I realize that Erasmus is mainly about studying, but as you study all the local clubs… take your chance to discover Polish folklore and keep up to date with art, music, science and fashion news.
As some of you may know Kraków (or officially Royal Capital City of Kraków) is one of the oldest, largest and most beautiful cities in Poland, often described as the cultural capital of the country.
Kraków is a major centre of education with approximately 170,000 students. Among the university’s most prominent students were Pope John Paul II and Nicolas Copernicus, the creator of the heliocentric theory, known as the one who „stopped the sun and moved the earth”.
Every year in May during the traditional student’s festival called Juwenalia young people are officially given the keys to the city as a sign of their authority. To celebrate it students organize concerts, open-air parties, barbecues as well as marches during which they wear funny costumes.
Talking about festivals – there are over fifty culture festivals in Krakow every single year. The most popular of them: the Krakow International Film Festival, International Street Theatre Festival, Coke Live Festival, Unsound Festival (electronic and experimental music), Summer Jazz Festival – attract crowds of tourists.
Festival that you have never seen is the Garlands festival (Wianki) when the shortest night of the year (the Midsummer Night) is celebrated. On that magic night marriageable girls wove garlands to lay them later on the river. If the garland was evenly hanging on the water it meant good luck in love and life. But when the garland was floating over and over or just sank, it was the sign of the complications in love, misfortune and bad luck.
Nowadays this ancient custom has turned into a popular fiesta and a great show with musical acts and fireworks display upon the riverbank opposite the Royal Wawel Castle.
It is not a simple task to describe the unique character of Kraków to those who still have not had the opportunity to be here. For sure here are city must-sees like the Old Town, whose heart is the large Market Square (Rynek). Secondly, Kazimierz district, which is cradle of Jewish culture. Across the river from Kazimierz, the Podgórze district is just starting to get trendy and is well worth exploring. And finally Wawel, the seat of both the Royal Castle and the cathedral – the spiritual home of the nation.
If you visit Wawel you can’t miss the flame-blowing dragon in front of it, or the cave it’s guarding. But how the dragon became a symbol of the city? I‘m explaining.

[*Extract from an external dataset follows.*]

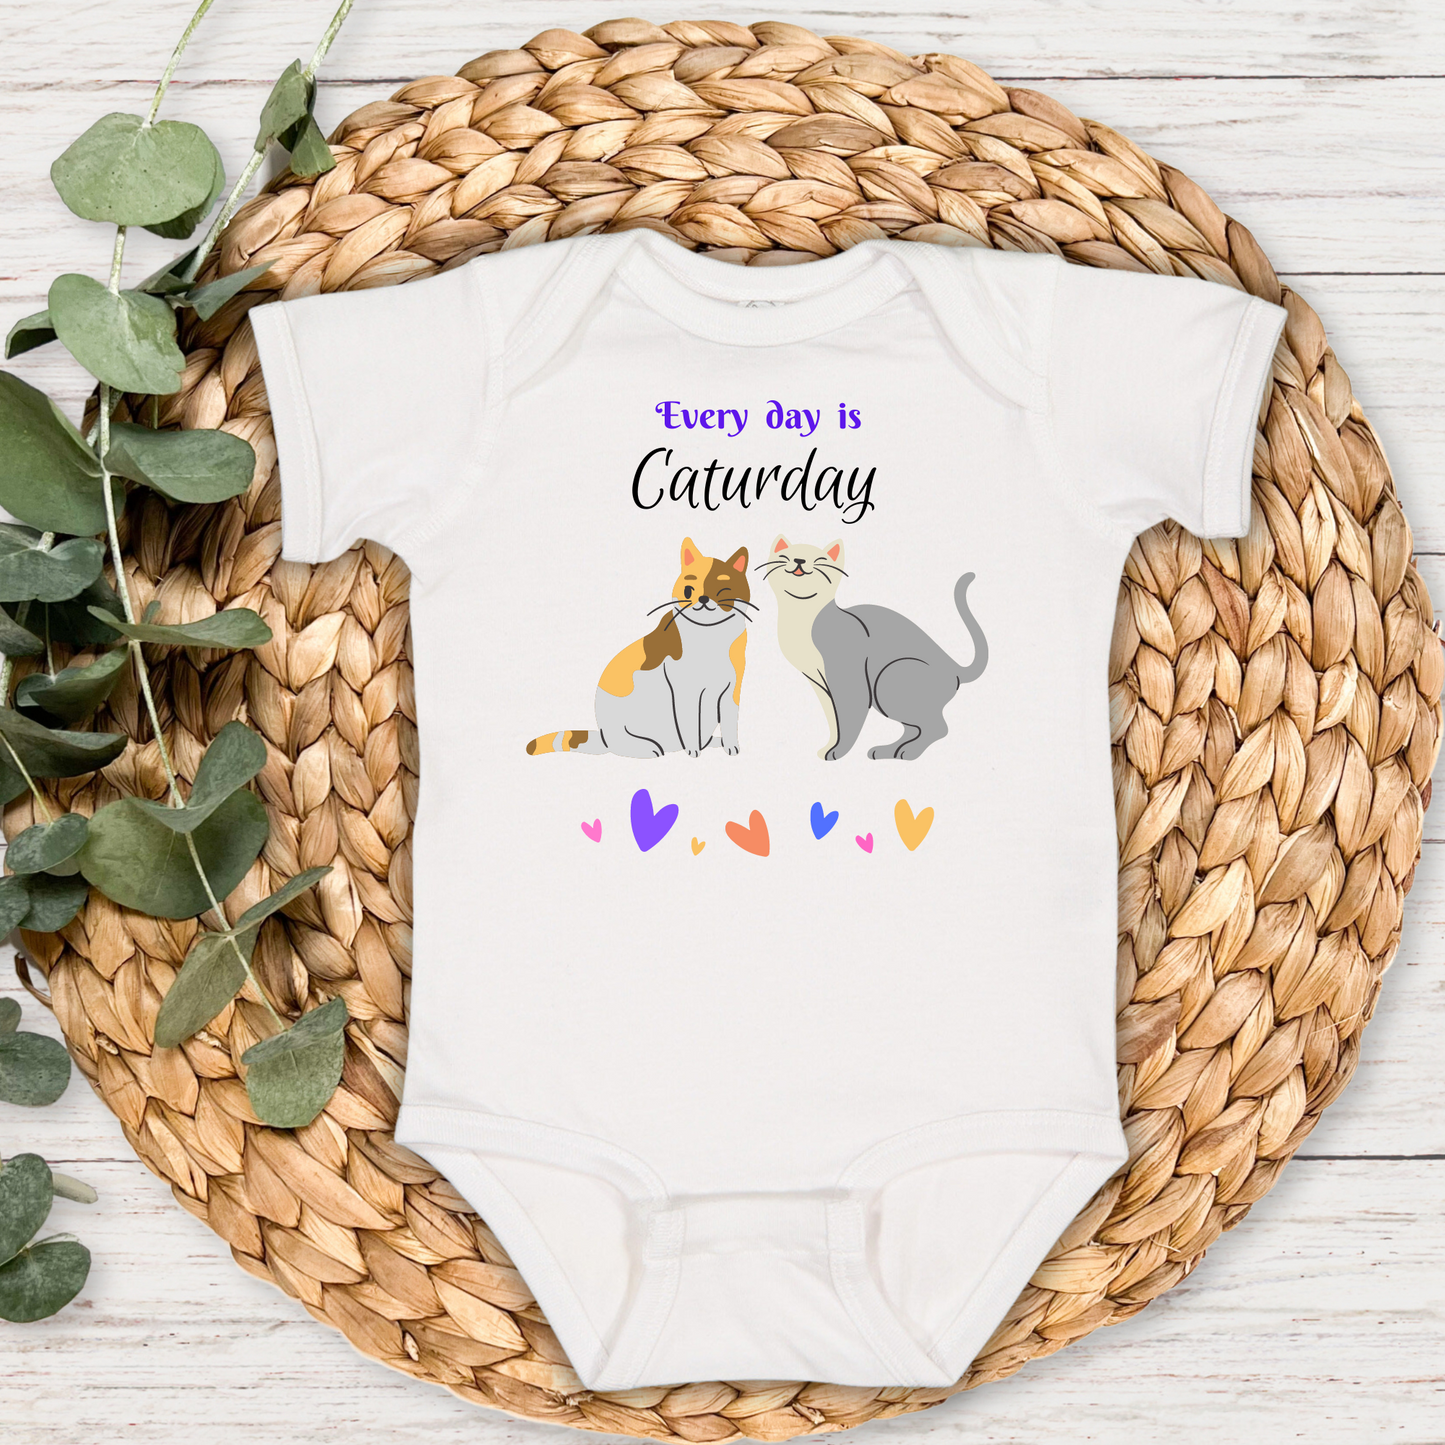 "Cat-Lady Grandma" Baby Bodysuit, "Every day is Caturday" Design, Cat Lover Mom Gift, 4 Colors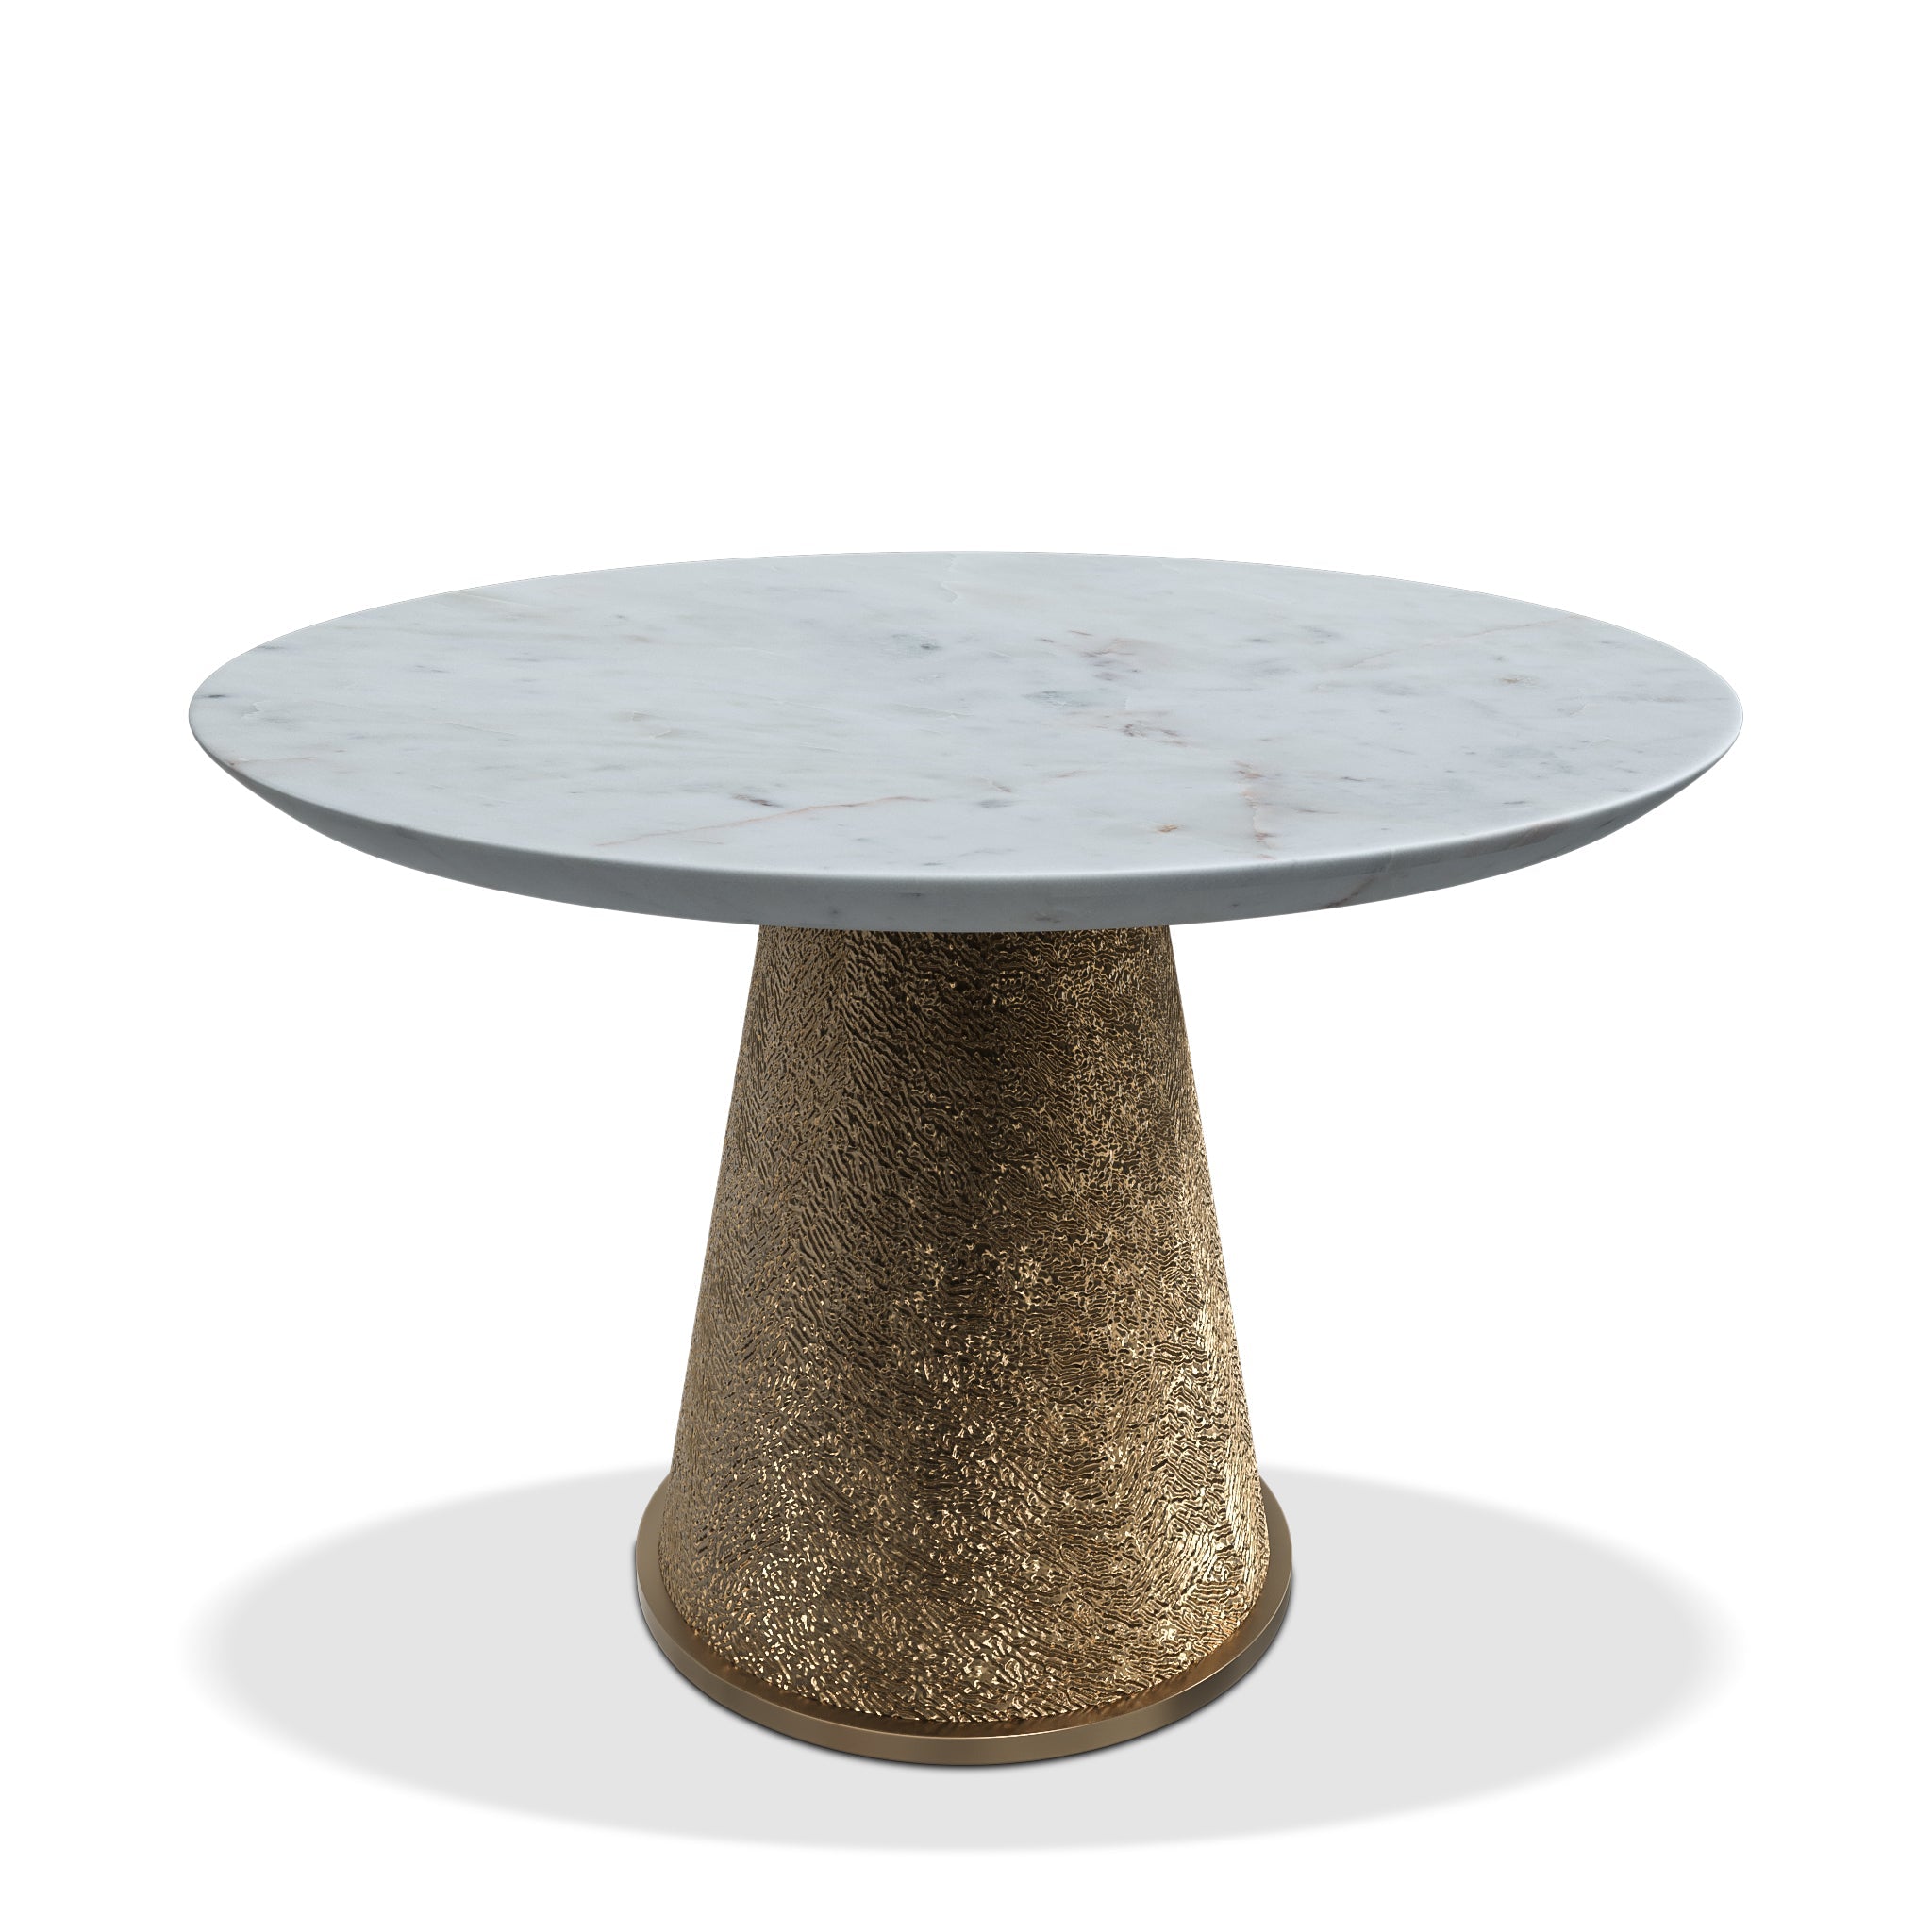 ANDAMAN MEDIO ANTIQUE BRASS ROUND DINING TABLE

Once upon a time, during the reign of Prince Krak – legendary founder of the city of Krakow – young girls was constantly disappearing, and no one know why. One day it turned out that at the foot of Wawel Hill in a huge cave, there lived a terrible dragon. The beast was not only kidnapping cattle, pigs and all manner of animals but its delicacy were young girls. Prince Krak declared: „The one who kills the dragon, get half of the kingdom and my daughter as a wife.” Many brave knights have tried to kill the dragon but none of them was able to beat him.
Finally, a young shoemaker came up with a great idea! He stuffed skin of a sheep with sulfur and threw into the dragon’s cave. The hungry monster ate a lamb right away and soon after, he felt a burning sensation in a stomach. He ran to the bank of the Vistula and started to drink water from the river. He couldn’t quench the thirst so drank more and more until he exploded!
The city was liberated from the dragon, a shoemaker received promised award from the king and married his daughter.
So, if you are scared of dragons, you will get used to them during your Erasmus time in here.